WASHINGTON — After hours of partisan warfare and delay, the House easily approved a new version of legislation to expand the State Children’s Health Insurance Program on Thursday, but the vote failed to get any more Republicans to override another promised veto from President Bush.
The 265-to-142 tally included 43 Republicans, two fewer than the version that passed Sept. 25. Democratic leaders made some changes to answer Republican criticism, tightening rules to exclude illegal immigrants from the program, adding incentives for states to drop families earning more than 300 percent of the poverty line and driving adults from the program faster.
But Republican leaders rallied their wavering troops around a new issue: whether the vote should have taken place when much of Southern California was on fire and nine House members were touring the disaster zone. House Speaker Nancy Pelosi, D-Calif., insisted she had no choice but to move forward and give the Senate a chance to send the measure to Bush next week.
“If Republicans believe in SCHIP as they say they do … then they won’t be looking for an excuse to vote against the bill,” Pelosi said, infuriating even her closest Republican allies on the issue.
“Everything from baptisms to bar mitzvahs, we’ve put off votes for here. But they won’t do it for the people of California,” said Rep. Ray LaHood, R-Ill.

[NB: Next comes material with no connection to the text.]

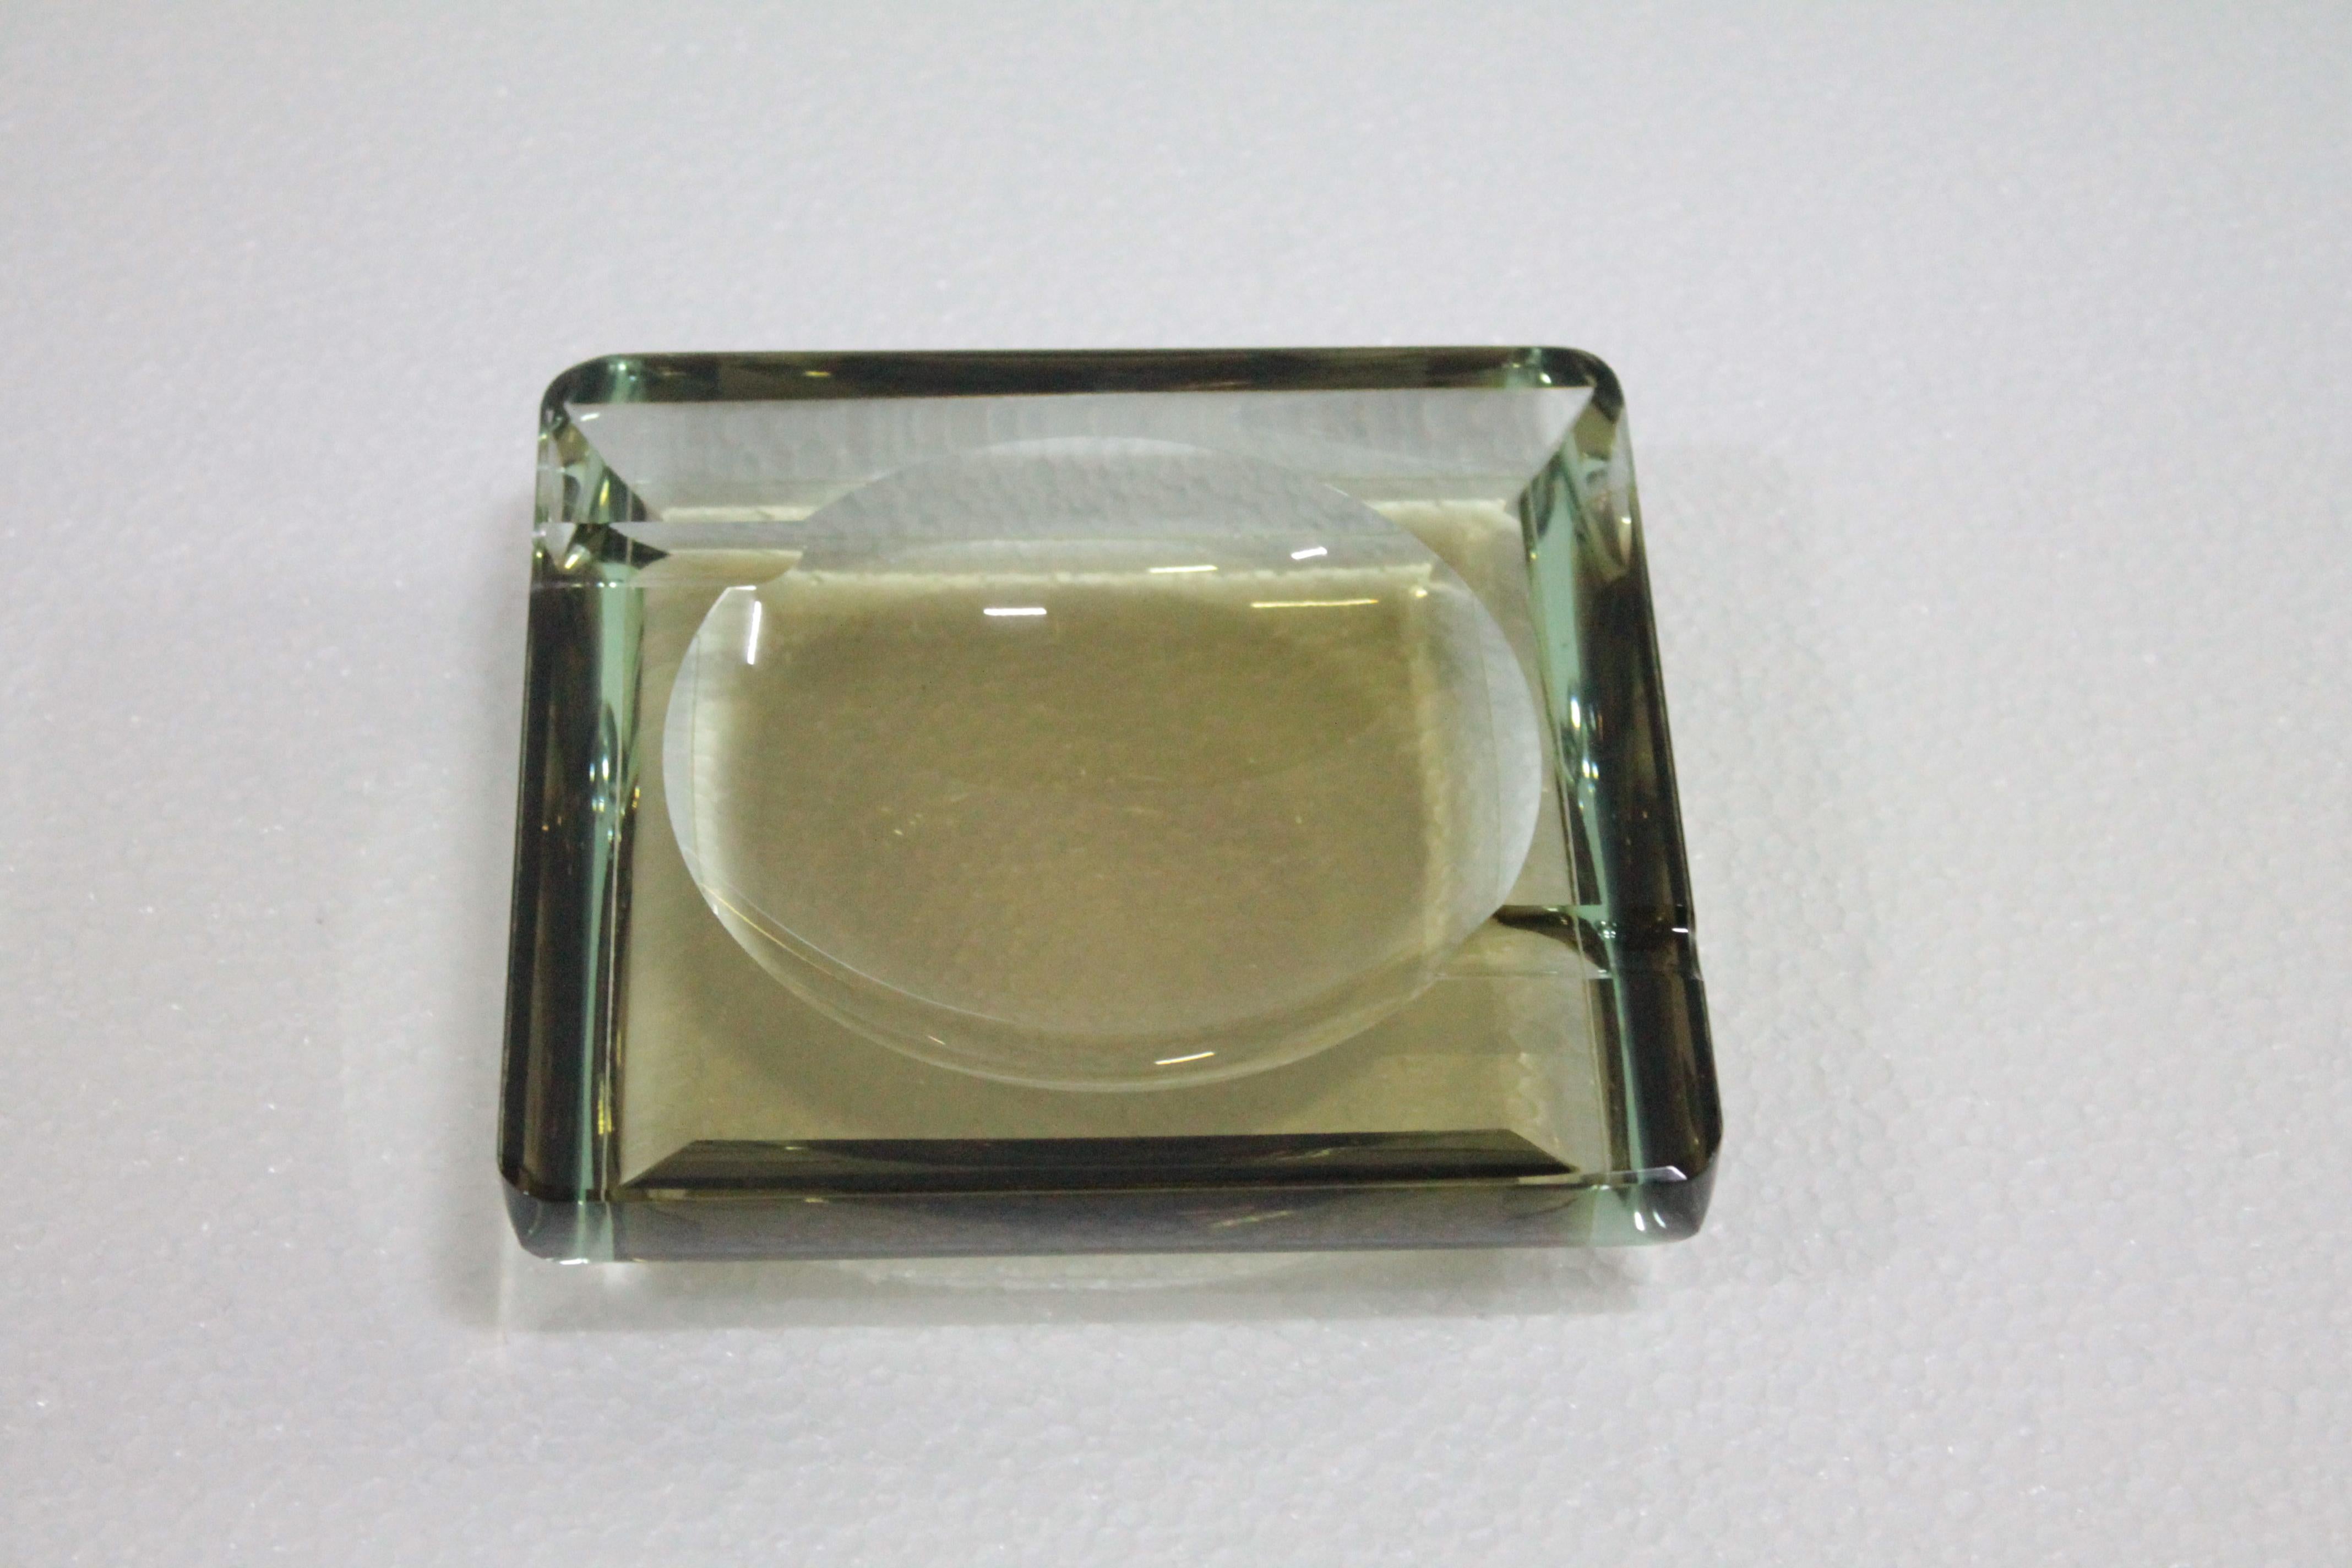 Delicious 1960s thick ashtray produced in Italy by Fontana Arte, perfectly intact, the glass has a double tone that makes it even more unique.

Measurements: W 15 x 15 cm, H 3.5 cm.

An analysis by the nonpartisan Congressional Budget Office showed the new version of the children’s health-insurance bill did have some substantive changes that Republicans had demanded. Under both versions, the combined average monthly enrollment in SCHIP and Medicaid would be about 34.1 million people, according to the CBO. But there is a shift toward serving poorer children, a key Republican demand. In the new bill, Medicaid enrollment alone would be about 400,000 people higher than under the vetoed bill, while SCHIP enrollment would be about that much lower, according to CBO documents.
Almost half of the 3.9 million uninsured children projected to gain coverage under the revised bill would be covered under Medicaid, of whom about 80 percent live below the poverty level, said Genevieve Kenney, an Urban Institute health economist.
Republican supporters of the insurance bill feared the day’s events had so poisoned the atmosphere that they would never persuade the dozen or so Republicans they need to override a Bush veto.
Republicans accused the Democrats of calling the quick vote just so a new round of political ads could blast swing-district Republicans over the weekend.